Fitting a Curve through a Scatter Plot |
PROC TRANSREG can fit curves through data and detect nonlinear relationships among variables. This example uses a subset of the data from an experiment in which nitrogen oxide emissions from a single cylinder engine are measured for various combinations of fuel and equivalence ratio (Brinkman; 1981). This gas data set is available from the Sashelp library. The following step creates a subset of the data for analysis:
title 'Gasoline and Emissions Data'; data gas; set sashelp.gas; if fuel in ('Ethanol', '82rongas', 'Gasohol'); run;
The next step fits a spline or curve through the data and displays the regression results. For information about splines and knots, see the sections Smoothing Splines, Linear and Nonlinear Regression Functions, Simultaneously Fitting Two Regression Functions, and Using Splines and Knots, as well as Example 93.1. The following statements produce Figure 93.1:
ods graphics on; * Request a Spline Transformation of Equivalence Ratio; proc transreg data=Gas solve ss2 plots=(transformation obp residuals); model identity(nox) = spline(EqRatio / nknots=4); where fuel in ('Ethanol', '82rongas', 'Gasohol'); run;
The SOLVE algorithm option, or a-option, requests a direct solution for both the transformation and the parameter estimates. For many models, PROC TRANSREG with the SOLVE a-option can produce exact results without iteration. The SS2 (Type II sums of squares) a-option requests regression and ANOVA results. The PLOTS= option requests plots of the variable transformations, a plot of the observed values by the predicted values, and a plot of the residuals. The dependent variable NOx was specified with an IDENTITY transformation, which means that it will not be transformed, just as in ordinary regression. The independent variable EqRatio, in contrast, is transformed by using a cubic spline with four knots. The NKNOTS= option is known as a transformation option, or t-option. Graphical results are enabled when ODS Graphics is enabled. The results are shown in Figure 93.1 through Figure 93.5.

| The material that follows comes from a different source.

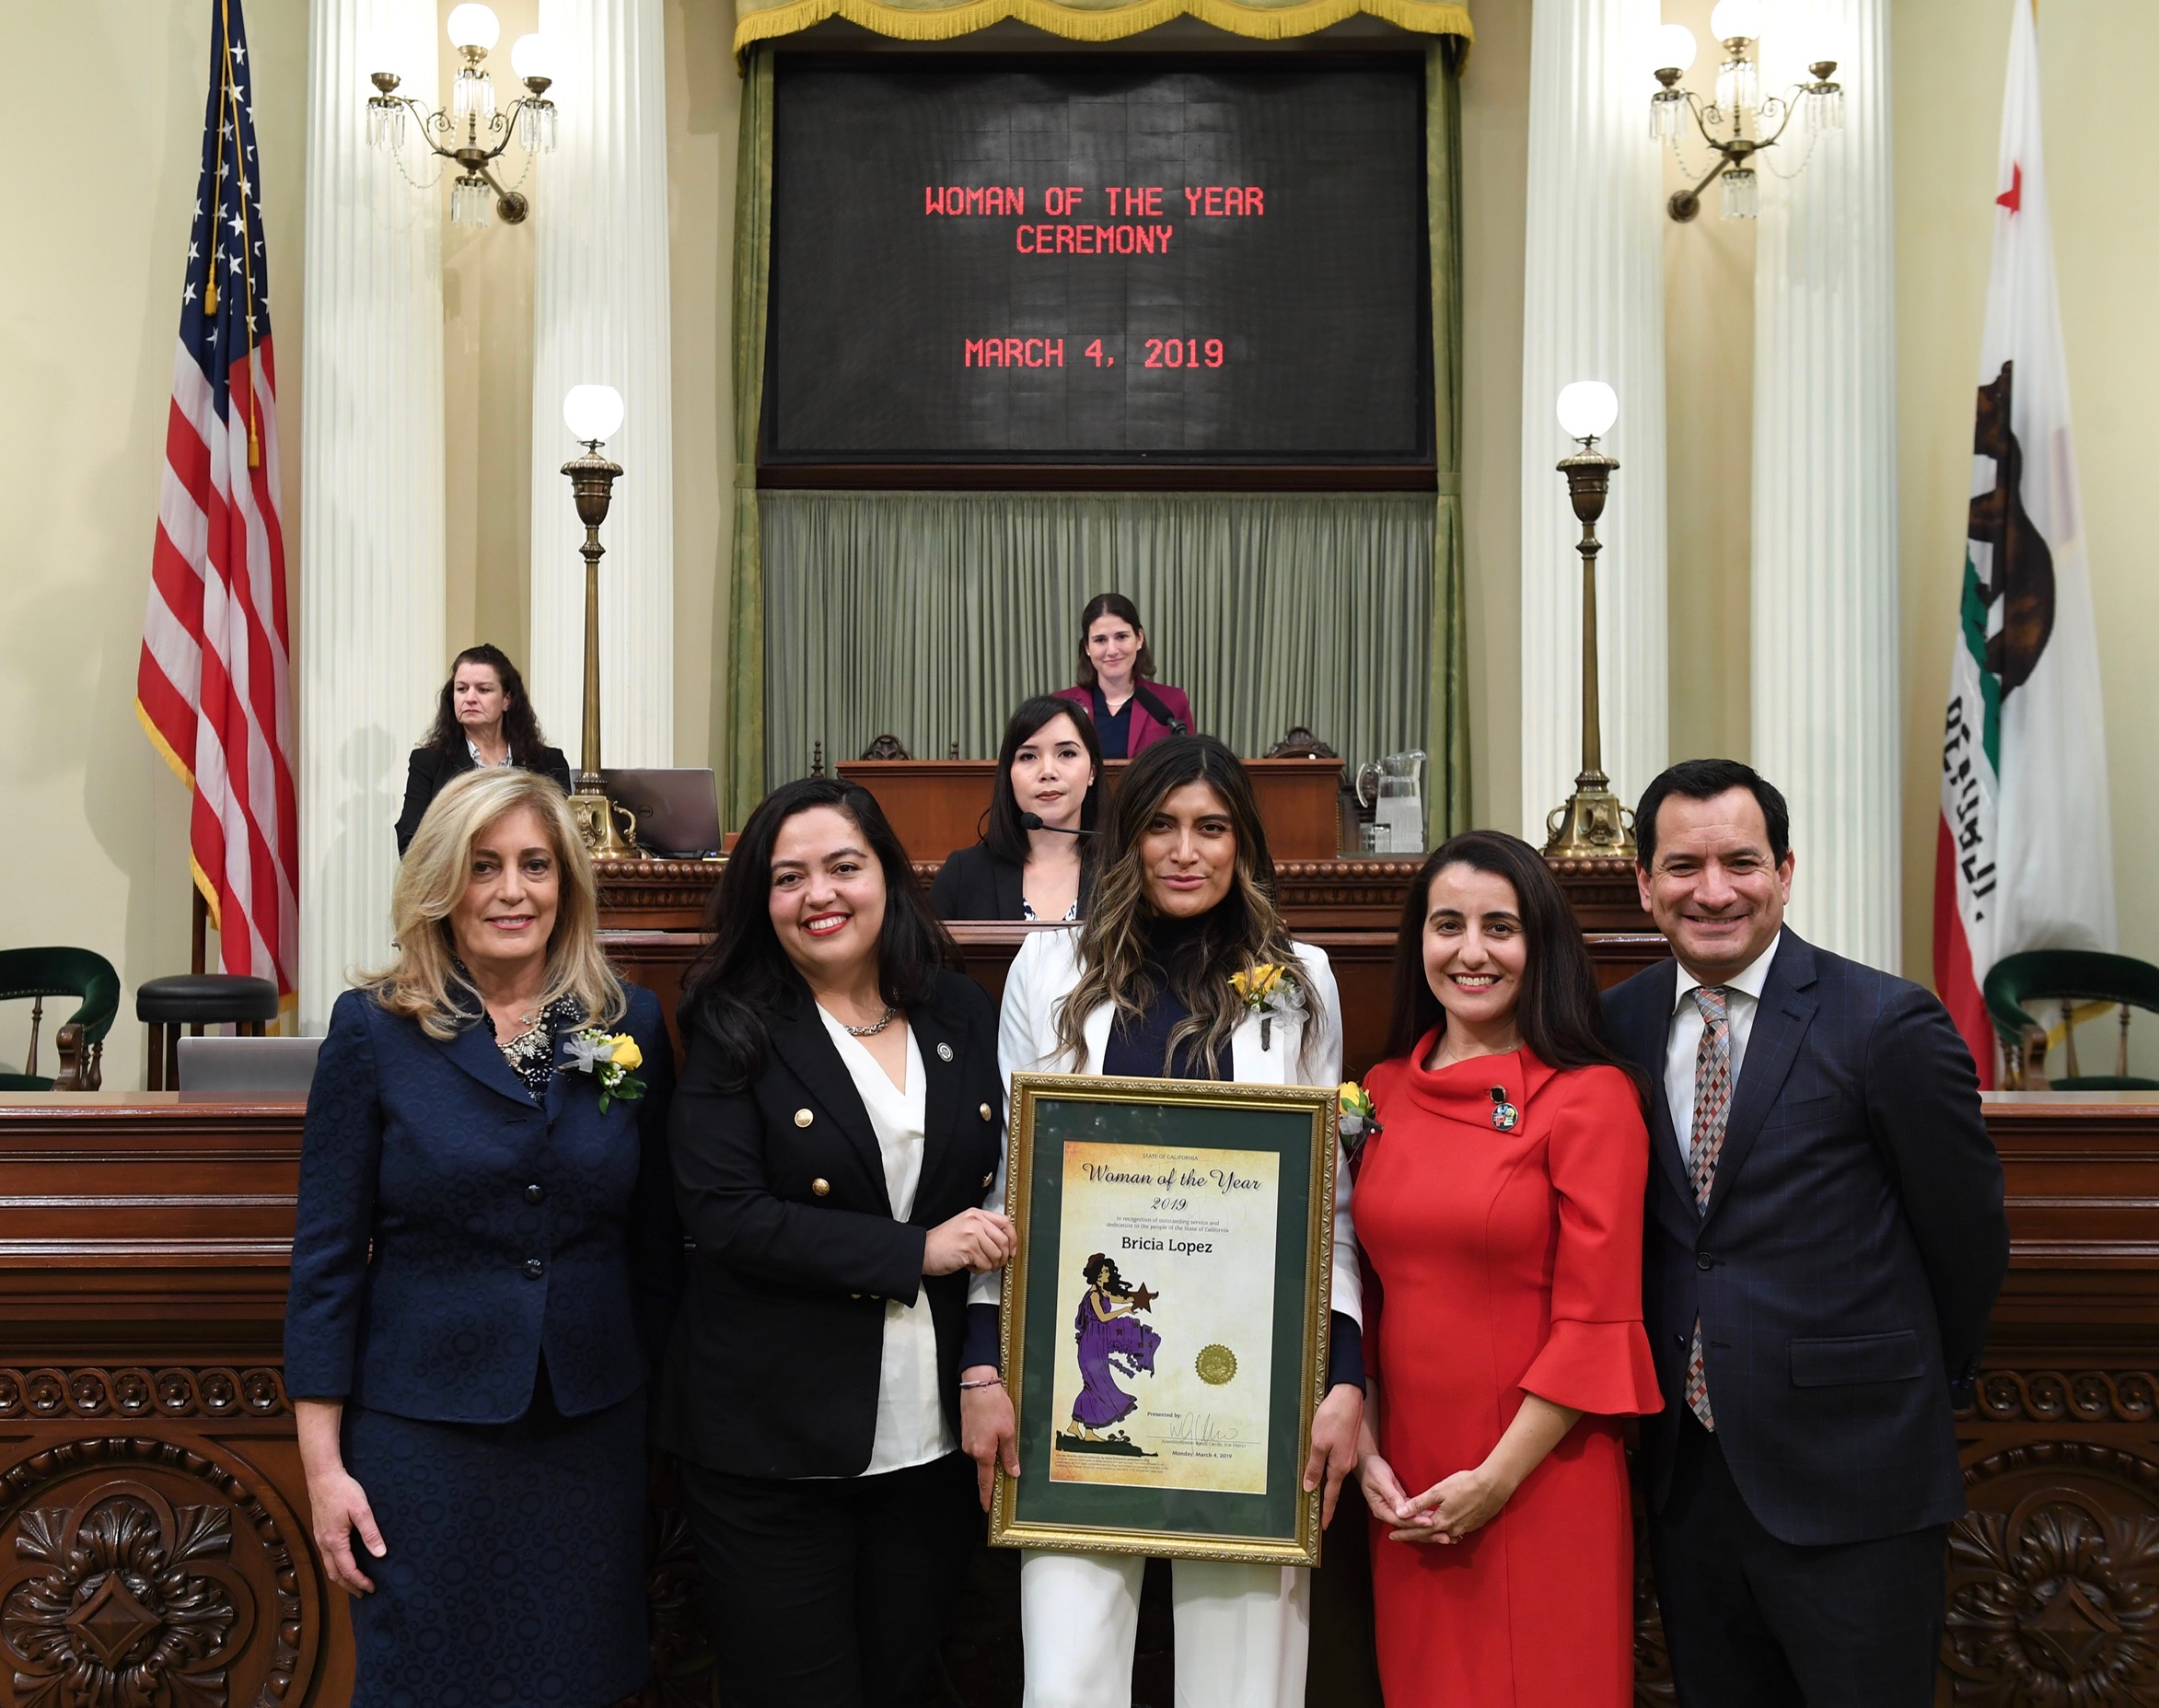 Bricia Lopez was named the 2019 Woman of the Year of the 51st Assembly District

Gasoline and Emissions Data |
Number of Observations Read | 112 |
---|---|
Number of Observations Used | 110 |
TRANSREG MORALS Algorithm Iteration History for Identity(NOx) | |||||
---|---|---|---|---|---|
Iteration Number |
Average Change |
Maximum Change |
R-Square | Criterion Change |
Note |
0 | 1.04965 | 3.46121 | 0.00917 | ||
1 | 0.00000 | 0.00000 | 0.82429 | 0.81512 | Converged |
Algorithm converged. |
Univariate ANOVA Table Based on the Usual Degrees of Freedom | |||||
---|---|---|---|---|---|
Source | DF | Sum of Squares | Mean Square | F Value | Pr > F |
Model | 7 | 180.0951 | 25.72788 | 68.36 | <.0001 |
Error | 102 | 38.3891 | 0.37636 | ||
Corrected Total | 109 | 218.4842 |
Root MSE | 0.61348 | R-Square | 0.8243 |
---|---|---|---|
Dependent Mean | 2.25022 | Adj R-Sq | 0.8122 |
Coeff Var | 27.26334 |
Univariate Regression Table Based on the Usual Degrees of Freedom | |||||||
---|---|---|---|---|---|---|---|
Variable | DF | Coefficient | Type II Sum of Squares |
Mean Square | F Value | Pr > F | Label |
Intercept | 1 | 8.3165407 | 324.065 | 324.065 | 861.04 | <.0001 | Intercept |
Spline(EqRatio) | 7 | -6.5740158 | 180.095 | 25.728 | 68.36 | <.0001 | Equivalence Ratio |
PROC TRANSREG increases the squared multiple correlation from the original value of 0.00917 to 0.82429. Iteration 0 shows the fit before the data are transformed, and iteration 1 shows the fit after the transformation, which was directly solved for in the initial iteration. The change values for iteration 0 show the change from the original EqRatio variable to the transformed EqRatio variable. For this model, no improvement on the initial solution is possible, so in iteration 1, all change values are zero. The ANOVA and regression results show that you are fitting a model with 7 model parameters, 4 knots plus a degree 3 or cubic spline. The overall model fit is identical to the test for the spline transformation, since there is only one term in the model besides the intercept, and the results are significant at the 0.0001 level. The transformations are shown next in Figure 93.2.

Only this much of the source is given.